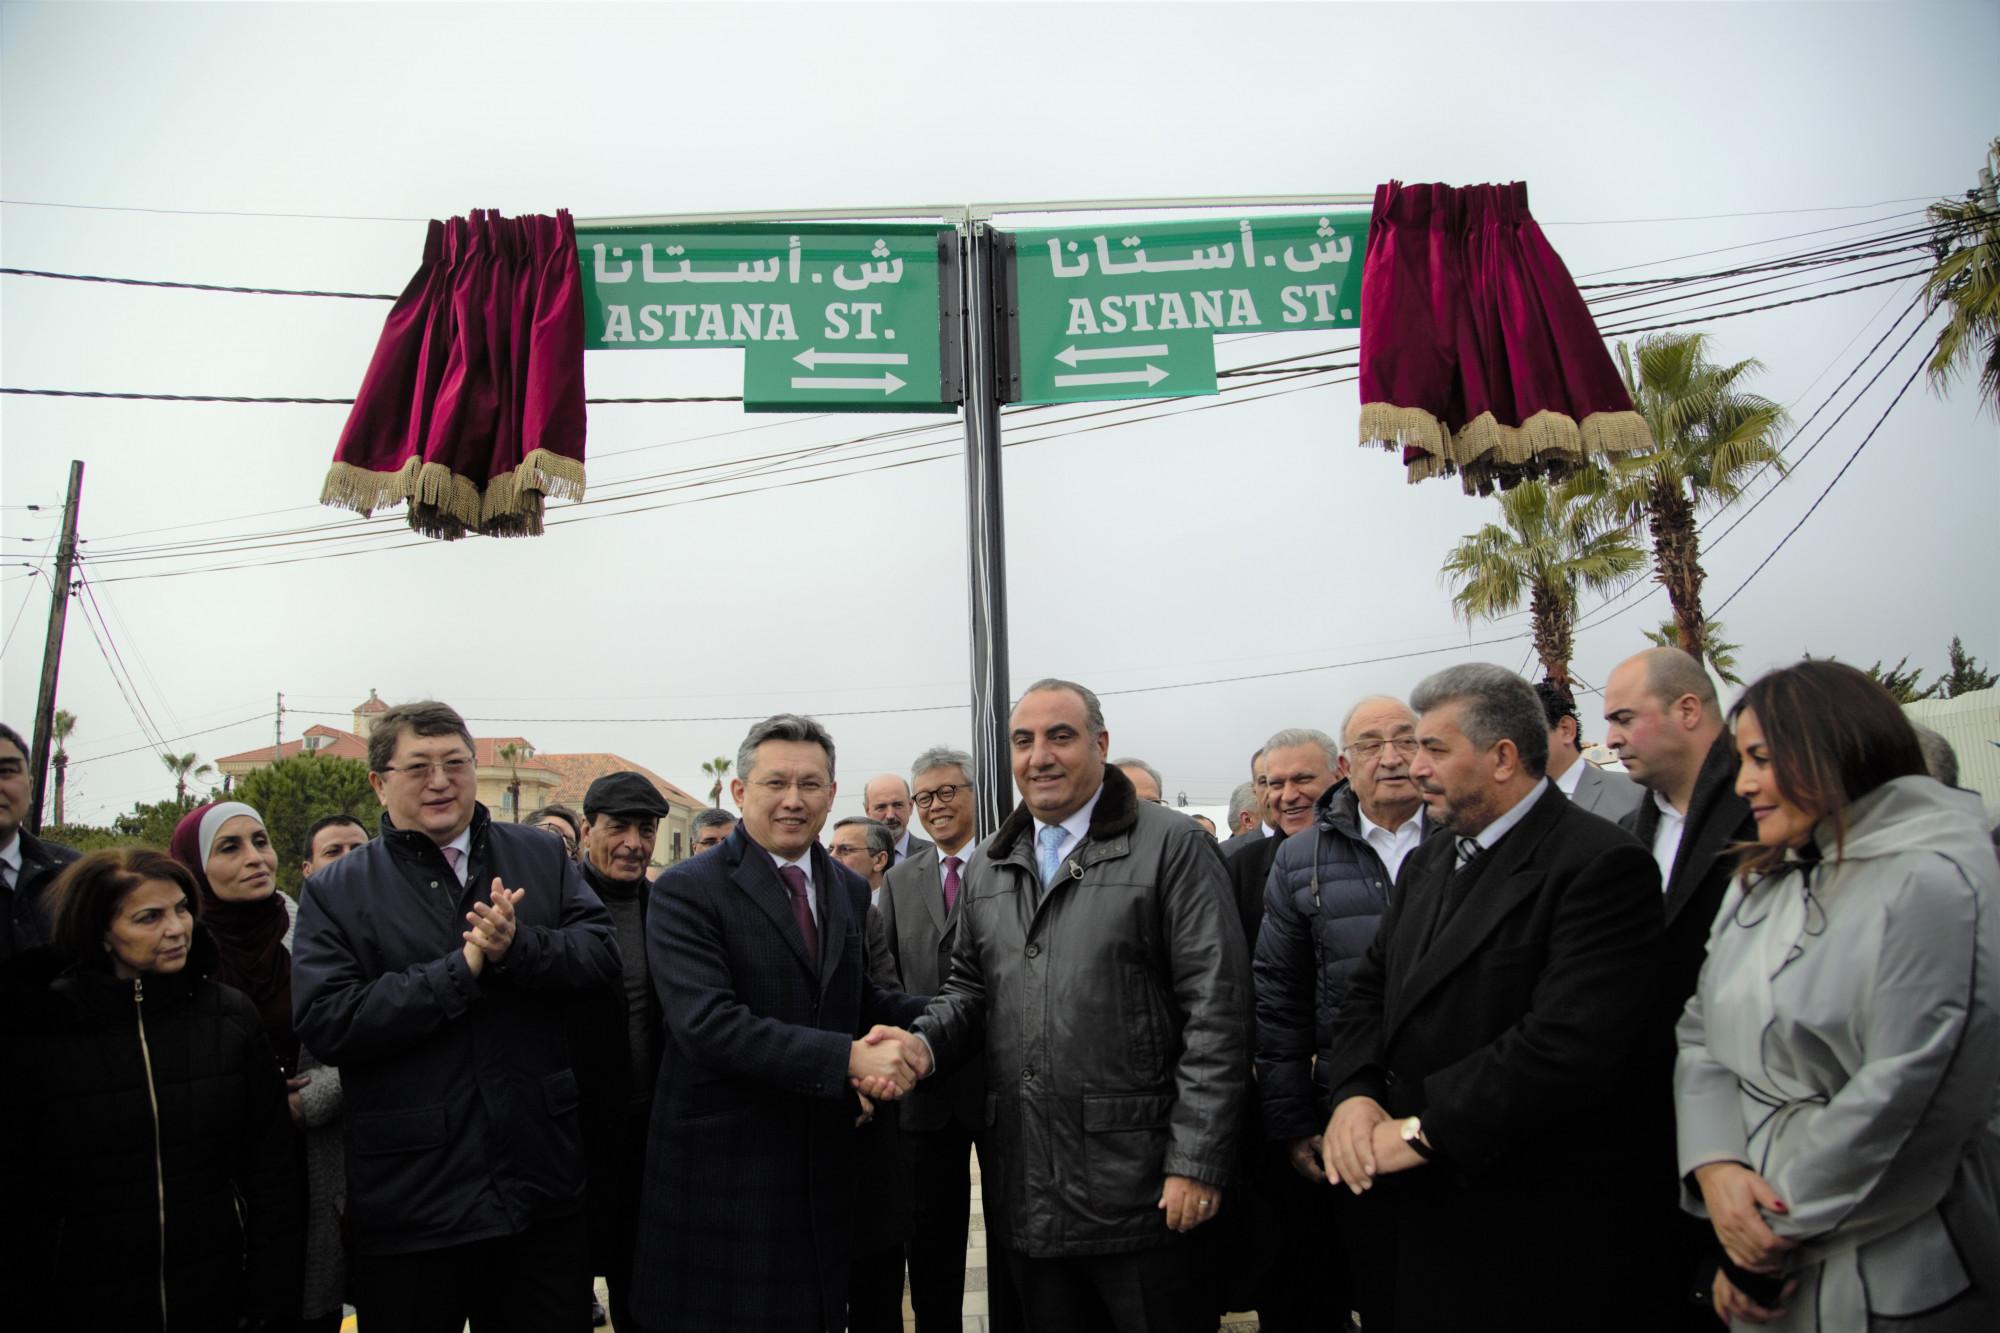 Иорданияның бас қаласындағы көшелердің біріне Астана атауы берілді
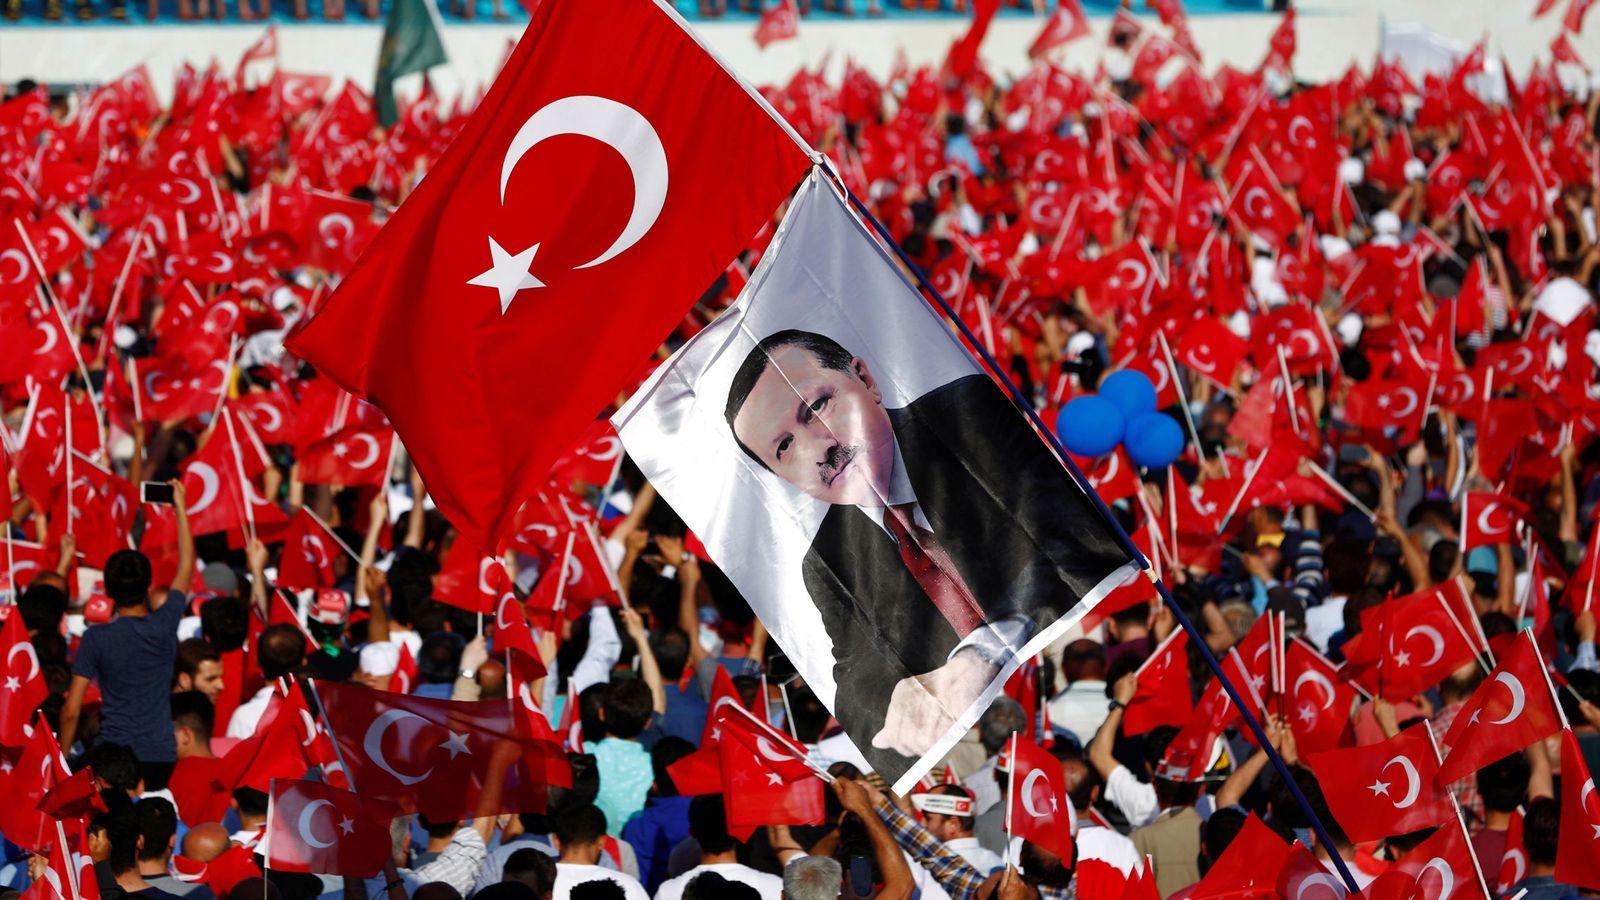 Foto: Partidarios de Erdogan enarbolan una foto del Presidente turco durante las celebraciones de la conquista de Estambul, el 29 de mayo de 2016 (Reuters)
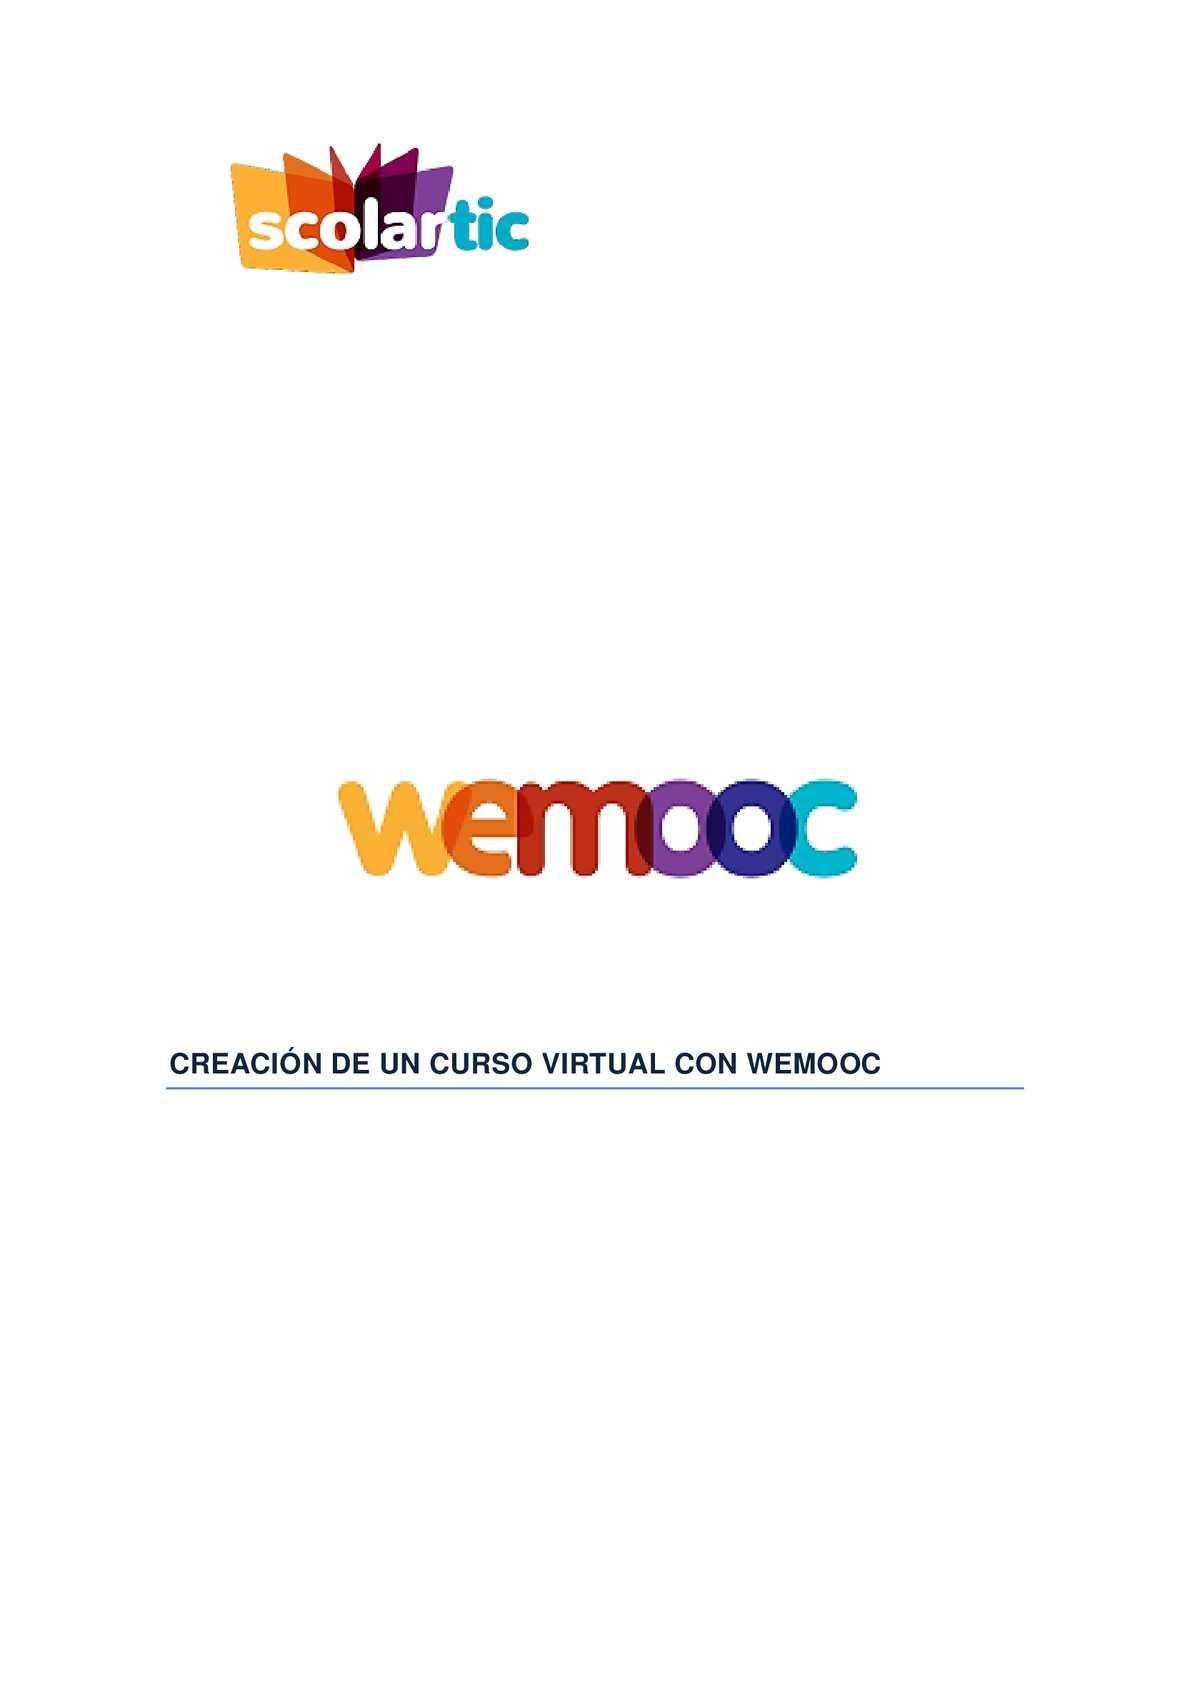 MANUAL DE WEMOOC
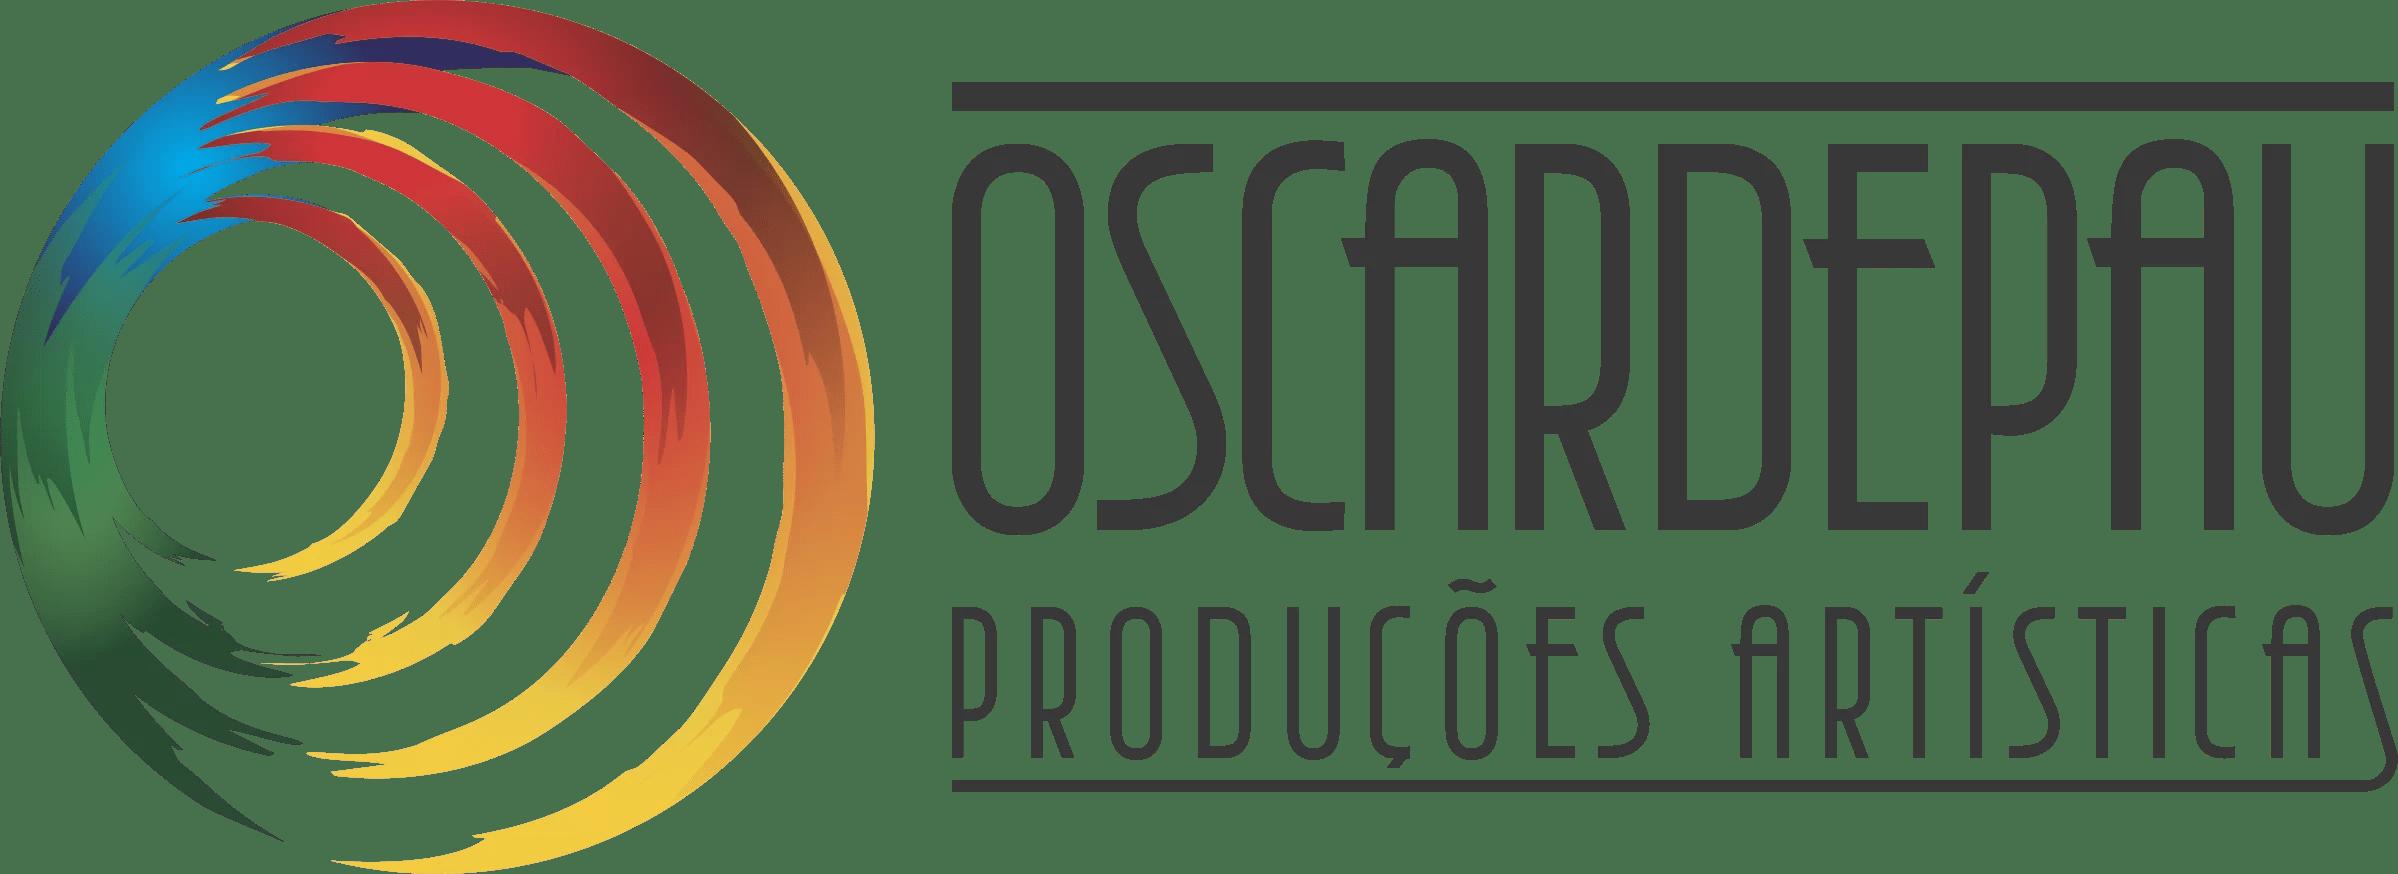 Oscardepau

Brief ▸ Return the listing above unaltered, omitting its pictures.

Output of the exercise ▸
 Иорданияның бас қаласындағы көшелердің біріне Астана атауы берілді
 Foto: Partidarios de Erdogan enarbolan una foto del Presidente turco durante las celebraciones de la conquista de Estambul, el 29 de mayo de 2016 (Reuters)
 MANUAL DE WEMOOC
 Oscardepau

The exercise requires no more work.